# Sage replacement parts issue



## Iris (Oct 29, 2018)

Ok everybody knows sage are terrible for not selling spare parts to the public. Which makes their machines sometimes uneconomical to fix and very much throw away machines when developing a fault.

However I think they have got worse, just noticed on their website they have stopped selling the most basic of replacement parts, no longer selling

portafilters

O rings

filter baskets

drip tray

etc

I have just recently sold all my sage appliances, I will never buy another even though they are good machines, I urge anybody considering a sage machine to think twice, as outside of warranty they are destined for the bin, unless you want to spend a fortune to fix what might be something you could repair yourself if only you could purchase the part.

Ok I get a duo temp pro bought when on offer for maybe £250 is fine to get 2 years from and throw away, but when your moving into the price bracket of dual boiler, oracle etc I believe the phrase in my opinion is avoid like the plague.


----------



## joey24dirt (Jan 28, 2017)

No longer selling, or just out of stock? I know there's been a little shortage of portafilters recently.

If they are cutting back though, hopefully their machine sales will reflect this. I loved my DTP when I had one, and would sing it from the rooftops, but if this is the way they are going then shame on you Sage.


----------



## joey24dirt (Jan 28, 2017)

Another point is, that if they are creating machines to be thrown away, then this is terrible for the environment. All that plastic going to landfill


----------



## Iris (Oct 29, 2018)

Joey

I don't think these items are out of stock, appears they are no longer selling them as they have all disappeared from their website.

I was looking at the spares for the barista express, my friend wanted some spare filter baskets, but doesn't do online shopping so said I would get them for her.


----------



## joey24dirt (Jan 28, 2017)

Iris said:


> Joey
> 
> I don't think these items are out of stock, appears they are no longer selling them as they have all disappeared from their website.
> 
> I was looking at the spares for the barista express, my friend wanted some spare filter baskets, but doesn't do online shopping so said I would get them for her.


What that's crazy. Probably their biggest seller that!


----------



## lhavelund (Dec 28, 2018)

joey24dirt said:


> What that's crazy. Probably their biggest seller that!


Probably caught onto your modifications


----------



## joey24dirt (Jan 28, 2017)

lhavelund said:


> Probably caught onto your modifications


Haha yeah. Starting to do their own


----------



## Nicknak (Aug 10, 2018)

There has been a few threads on here where people wanted o rings and others bits . referred to coffee classics who won't sell the parts . Someone wanted a £2 washer for his water tank , if I remember correctly they wanted £95 to fit it. They got it from America in the end .. It is disgraceful really .
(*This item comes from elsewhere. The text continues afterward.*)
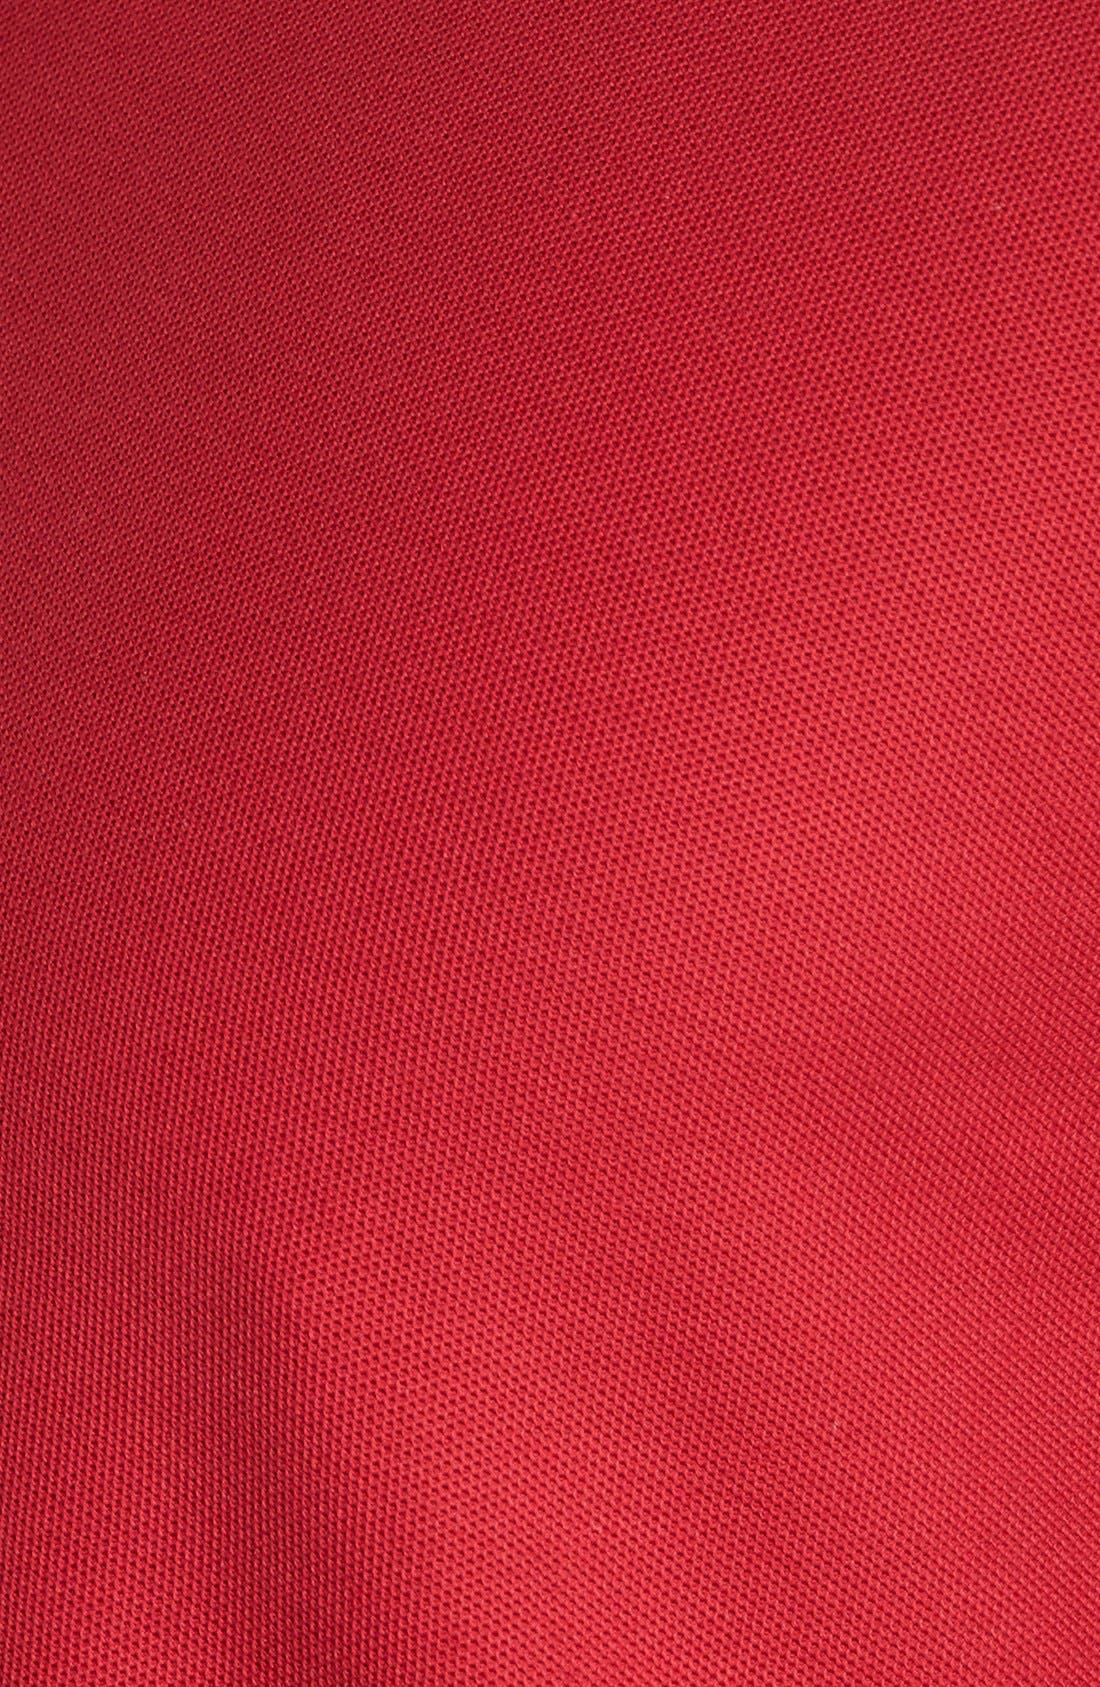 Alternate Image 5  - Nordstrom Men's Shop 'Classic' Regular Fit Piqué Polo (Big)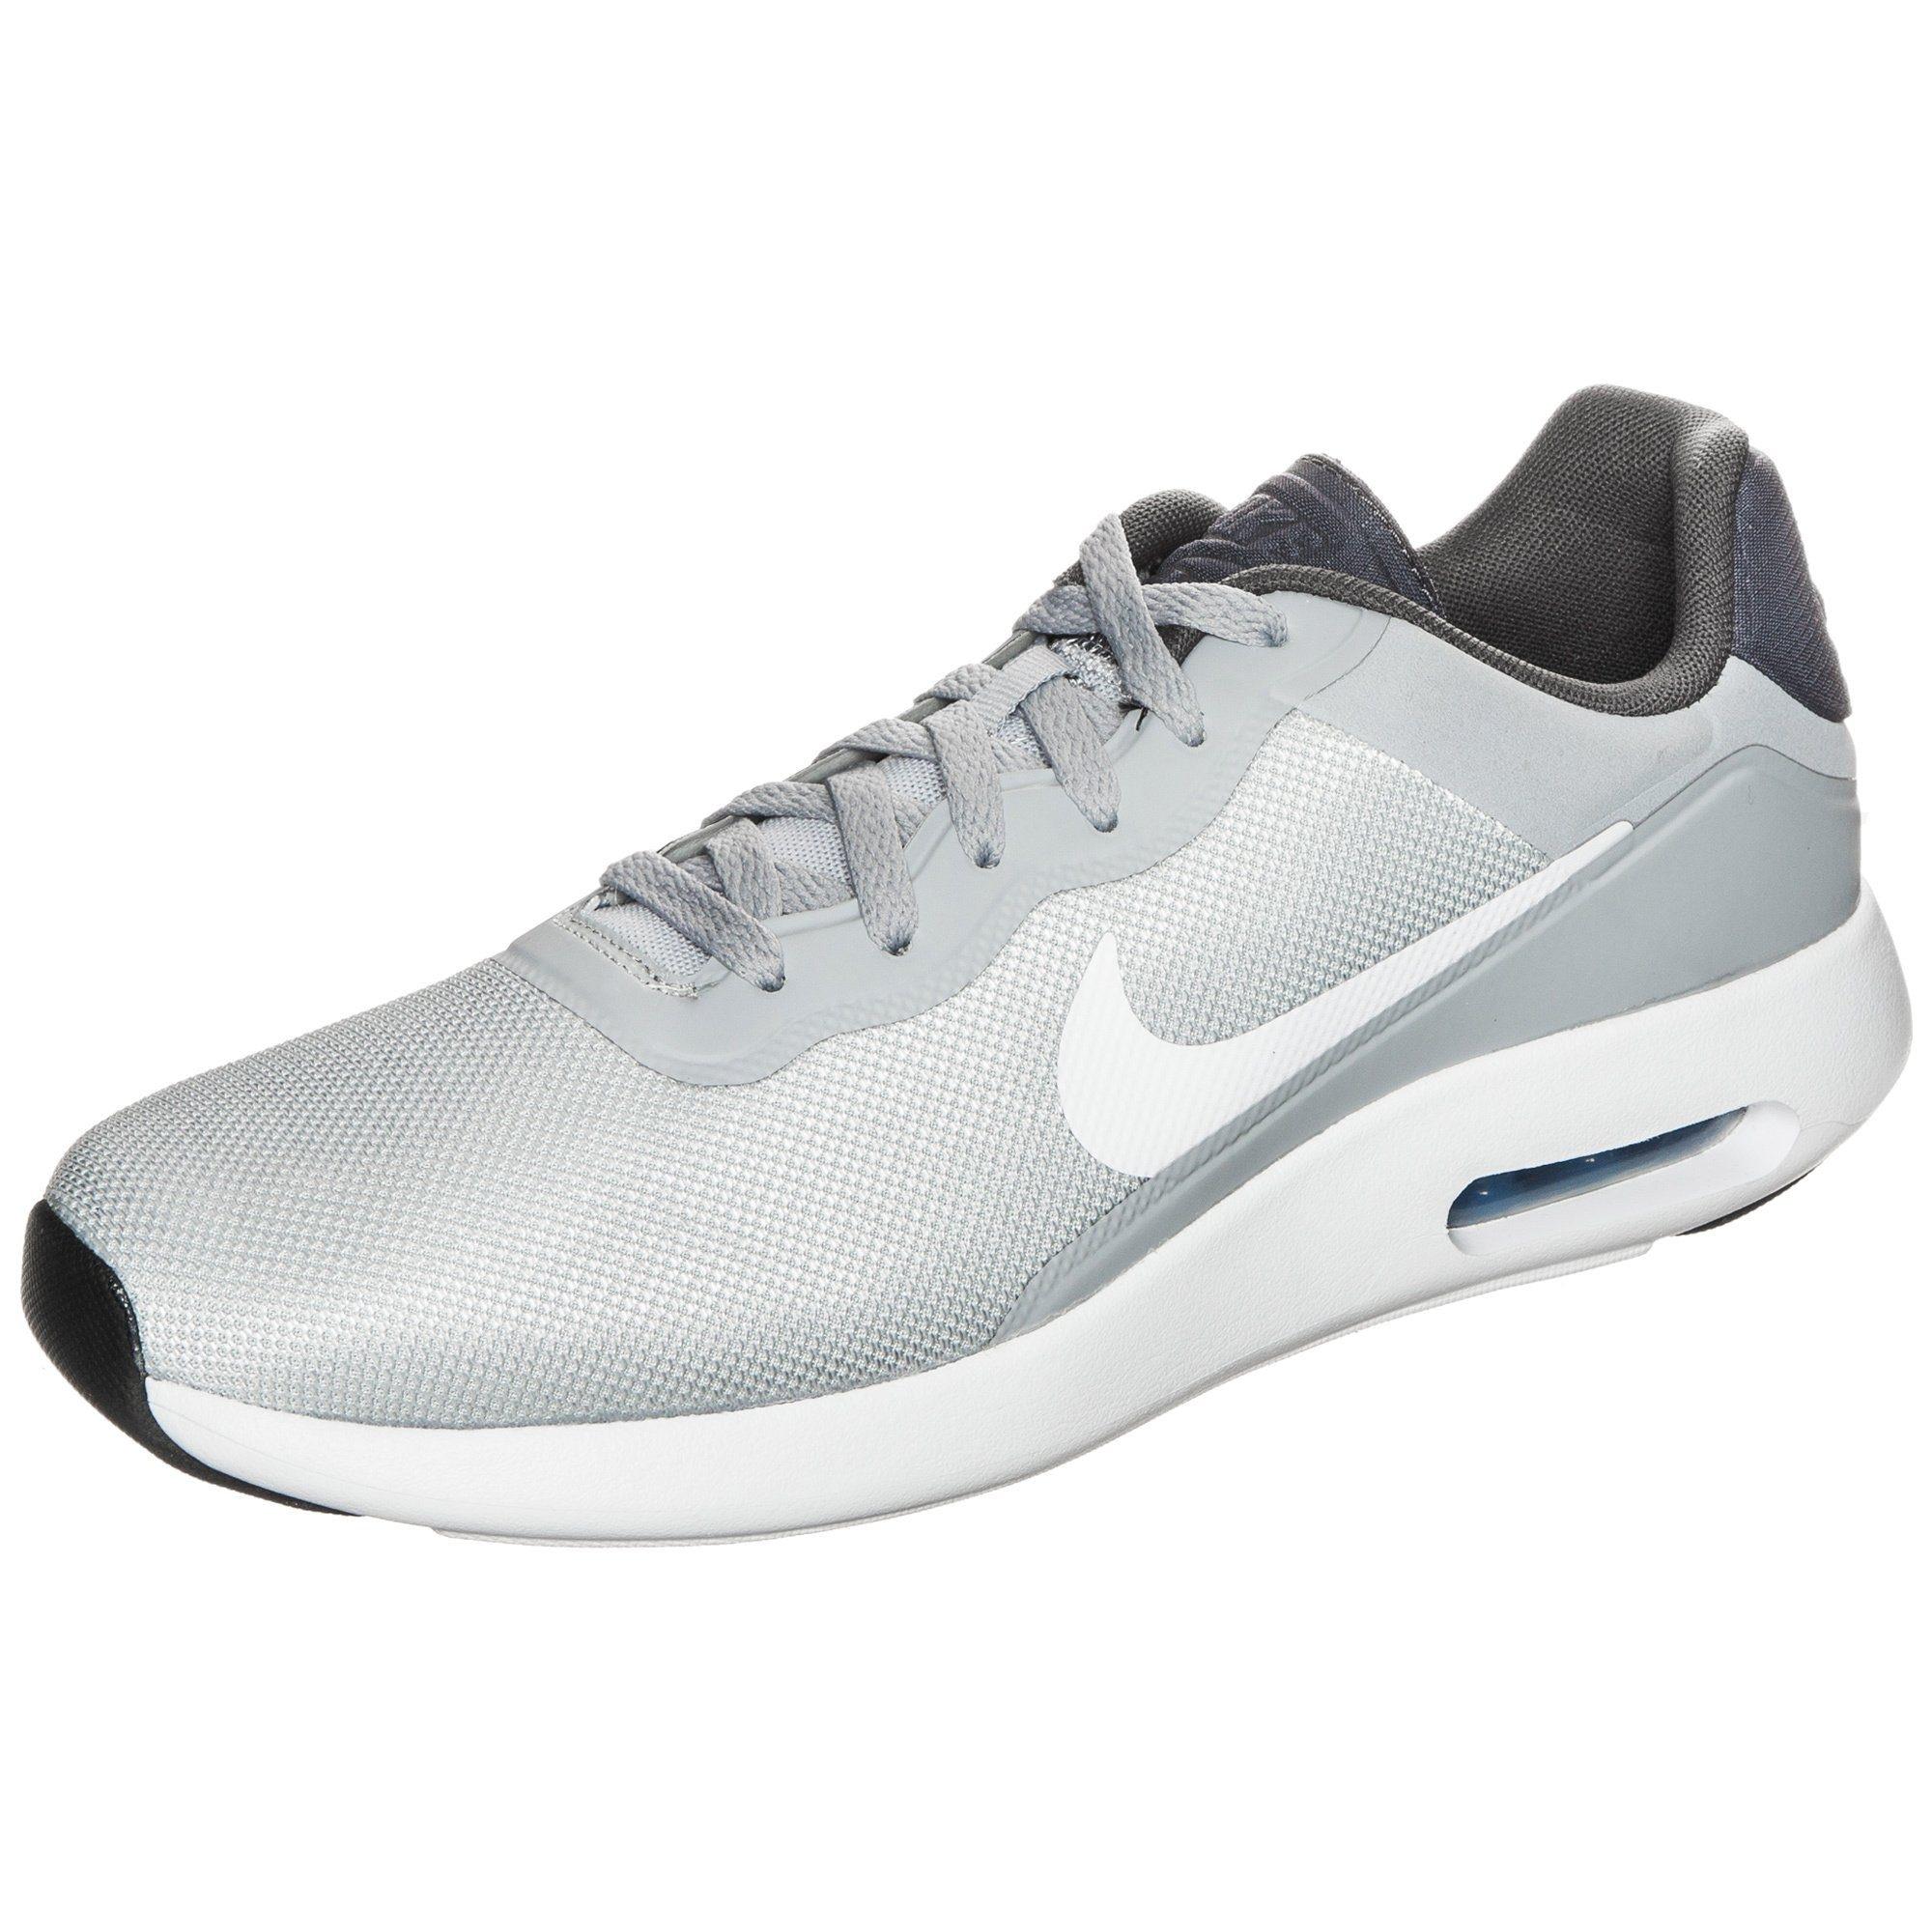 Nike Sportswear Turnschuhe ;Air Max Modern Essential günstig

Im glad I bought my oracle from Lakeland so when it broke after 3 month I got my money back .


----------



## Iris (Oct 29, 2018)

Well as much as my barista express, was a good machine I am glad I have sold it, I will never buy another sage product.

Will be getting some new coffee gear after my baby is born, provided my current disgust for coffee goes away, cant believe I just wrote that, but pregnancy has turned me right off coffee, cant even bear the smell at the minute.

My next machine needs to a machine were I can easily source parts and maintain it. Well I have 6 months to decide on my next purchase so will research thoroughly before jumping into another purchase such as sage.


----------



## Nicknak (Aug 10, 2018)

@Iris perhaps you should wait until number 2 and 3 (baby) arrive







.


----------



## Iris (Oct 29, 2018)

Nicknak said:


> @Iris perhaps you should wait until number 2 and 3 (baby) arrive
> 
> 
> 
> ...


haha no chance, this will be my first and last


----------



## joey24dirt (Jan 28, 2017)

Iris said:


> haha no chance, this will be my first and last


They always say that


----------